Why tech firms are courting Fidelity’s vast trove of data

As tech companies across the world race to create AI services akin to ChatGPT, the underlying raw material required – data – is suddenly in demand like never before. Fidelity Investments is a case in point: tech start-ups and conglomerates alike are courting the wealth management firm to lay their hands on its vault of financial services data, information chief Mihir Shah said in an interview.

For companies seeking to build AI systems for the finance industry, Fidelity’s decades' worth of online transaction records, customer call transcripts and face-to-face client interaction reports would be a treasure trove. It holds about 8 petabytes of data – equivalent to trillions of pages of printed text.

The US investment company, which oversees more than $11 trillion and has tens of millions of customers, hasn’t engaged with any of the suitors, said Shah, who is leading an effort to harvest value from Fidelity’s data. The firm has considered building its own AI model, although it hasn’t decided whether to go that route.

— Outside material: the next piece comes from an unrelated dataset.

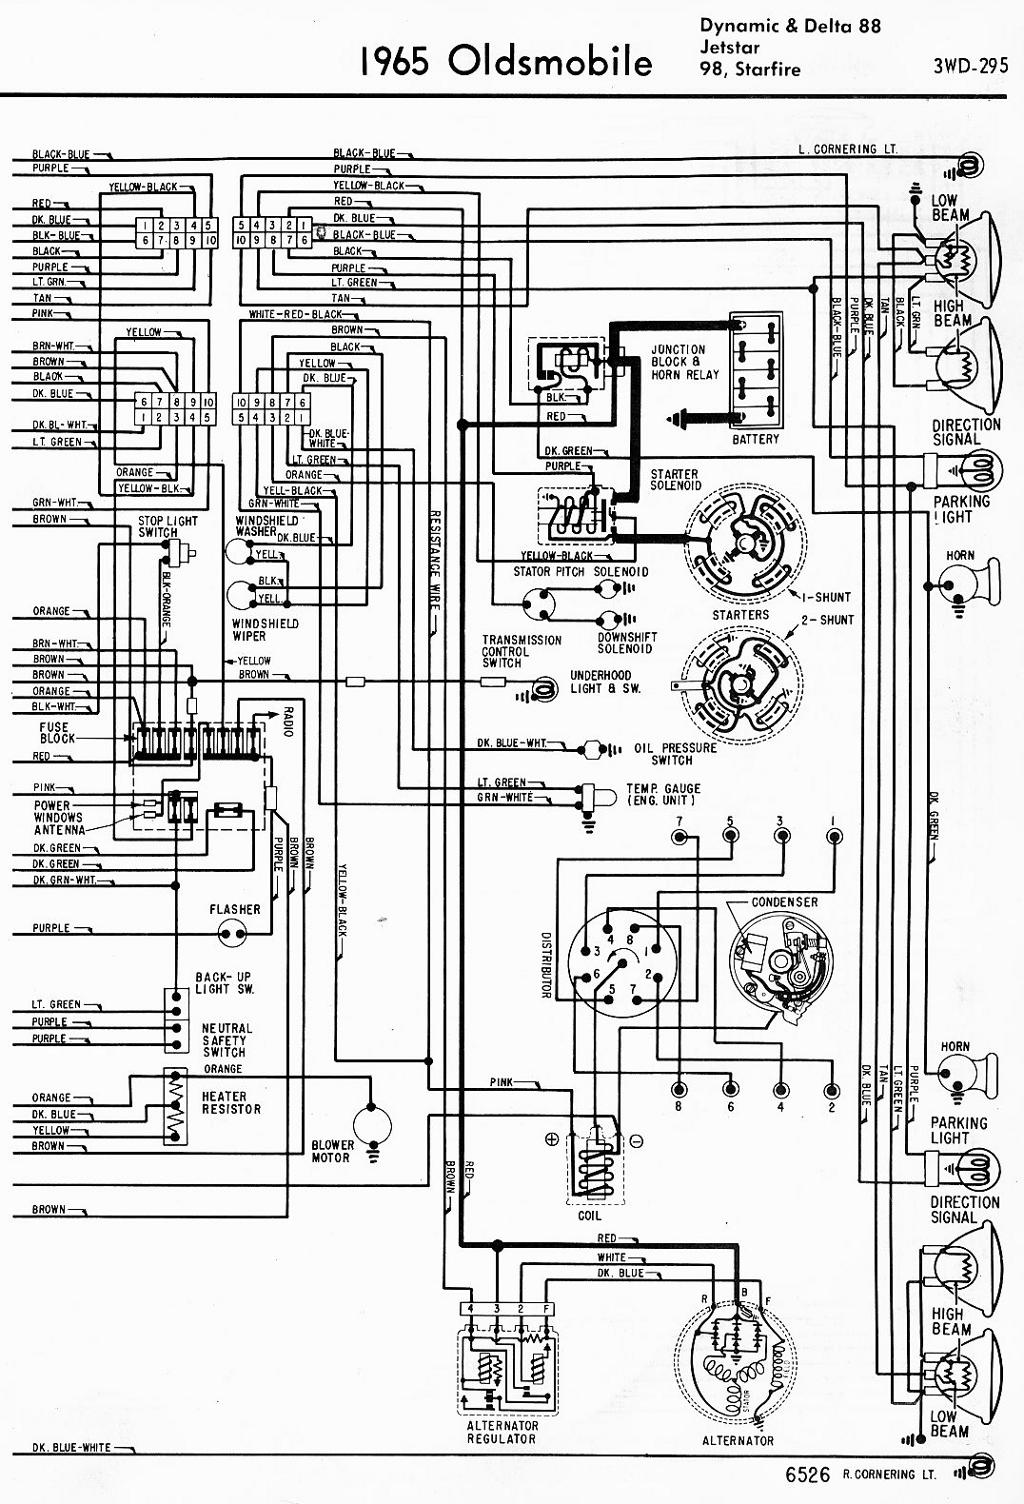 Oldsmobile - car manuals, wiring diagrams PDF & fault codes land rover wiring diagrams 1966 ford mustang diagram

Any data it shared would be anonymised and scrubbed of personal information in keeping with the best security practices.

Services such as ChatGPT are based on large language models, or AI systems that analyse vast quantities of writing from across the internet and other sources to determine how to generate human-sounding text. The technology has spurred excitement across industries as companies seek ways to reduce costs and better serve their customers – with banks from JPMorgan Chase to Morgan Stanley among those leading the way.

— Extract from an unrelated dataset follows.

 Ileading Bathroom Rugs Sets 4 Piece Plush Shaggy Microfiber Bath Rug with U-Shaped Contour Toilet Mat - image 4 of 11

ChatGPT creator OpenAI, backed by Microsoft, as well as Alphabet and Meta Platforms, are among the tech leaders in the field. They all mostly use the same public data for training their systems to understand and generate text or code in a human-like fashion.

But proprietary data, such as that owned by Fidelity, would enable an AI service to stand out from the competition, said Shah, who started at Fidelity 29 years ago and oversaw the building of its website – the first for a major financial services company. He’s now directing the creation of Fidelity’s companywide cloud-based warehouse for its data, part of an effort to put it to better use.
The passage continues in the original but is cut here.